Paris est une ville qu’on ne connaît jamais totalement, pleine de mystères, de surprises, universelles jusqu’aux bouts des doigts, étonnante jusqu’à l’étourdissement. Hemingway l’avait bien décrit dans : Paris est une fête. Une vie ne suffirait pas à tous découvrir.

Il n’y a pas de honte, vous m’ouvrez les portes de l’Iran, je vous ouvre les portes du Québec. C’est cela la culture, sans limite, tout azimut, cette soif de découvertes et de savoirs. Et lorsqu’on découvre nous éprouvons une grande satisfaction.

C’est quand même fou, je n’y avais jamais pensé avant, je le savais pourtant qu’il y avait une librairie du Québec à Paris. La honte devrait peut-être de mon côté. Lorsque j’ai lu votre commentaire, je me suis souvenu qu’il y avait cette librairie. Je n’y suis jamais allé, mais j’en avais déjà entendu parler. C’est en lisant votre commentaire que soudain la lumière se fit!

Bonne fin de nuit

Richard St-Laurent

Carmilla Le Golem a dit…

Merci Richard,

En effet, Paris est inépuisable. Le spectacle de chaque rue est surprenant, offre de multiples rencontres.
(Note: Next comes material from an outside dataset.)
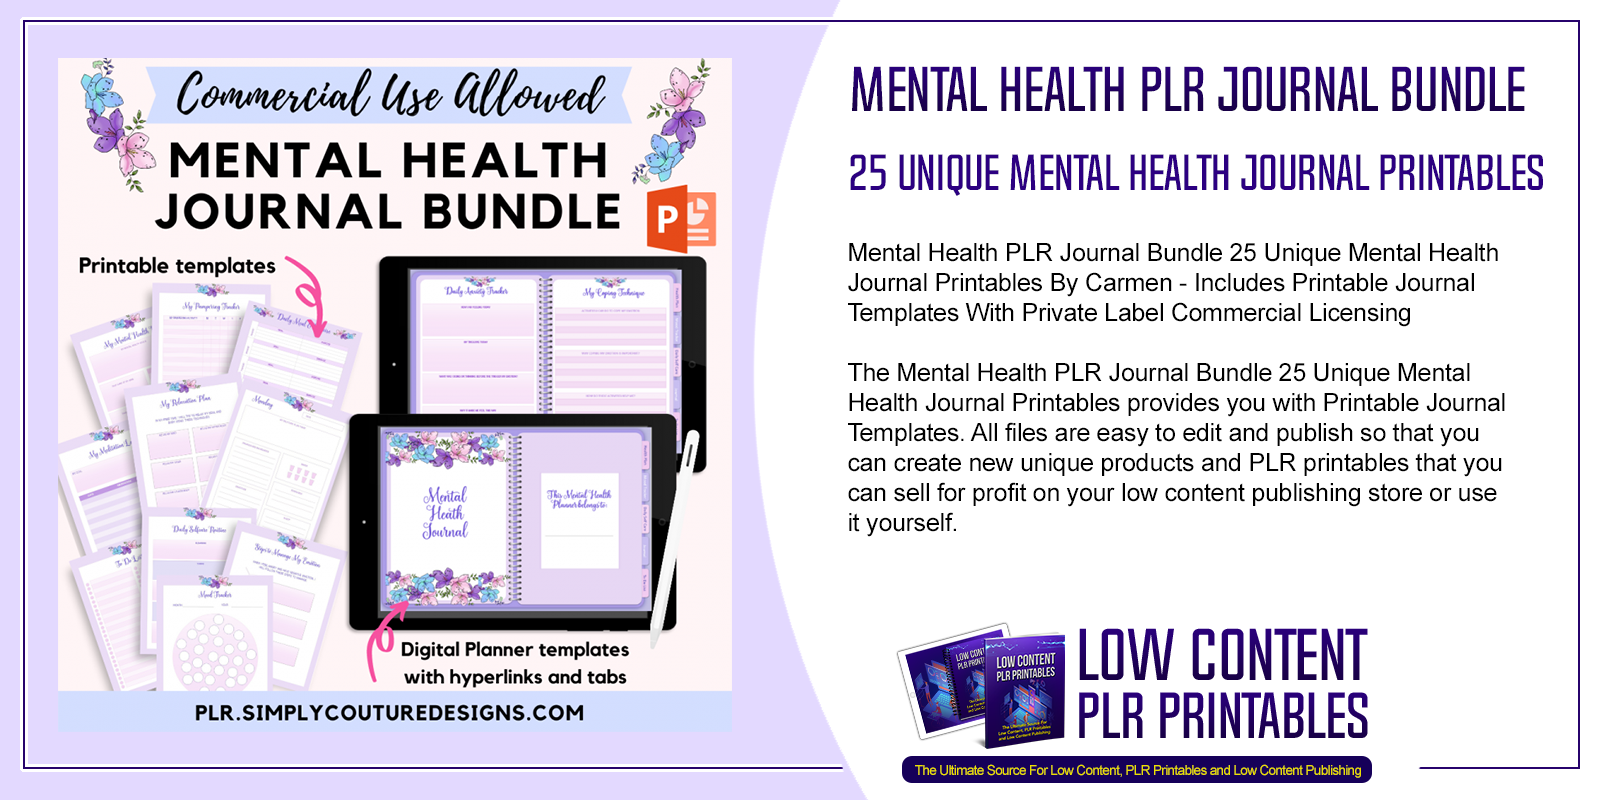 Mental Health PLR Journal Bundle 25 Unique Mental Health Journal Printables

Et puis chaque quartier est différent et une vie ne peut en effet suffire pour la connaître. Et j'ajouterai que la ville embellit chaque année, quoi qu'en disent les multiples grincheux d'aujourd'hui qui ne cessent de dire que c'était mieux avant. C'est un peu pour ça que je suis attachée à la vie urbaine pleine de découvertes et d'inattendu.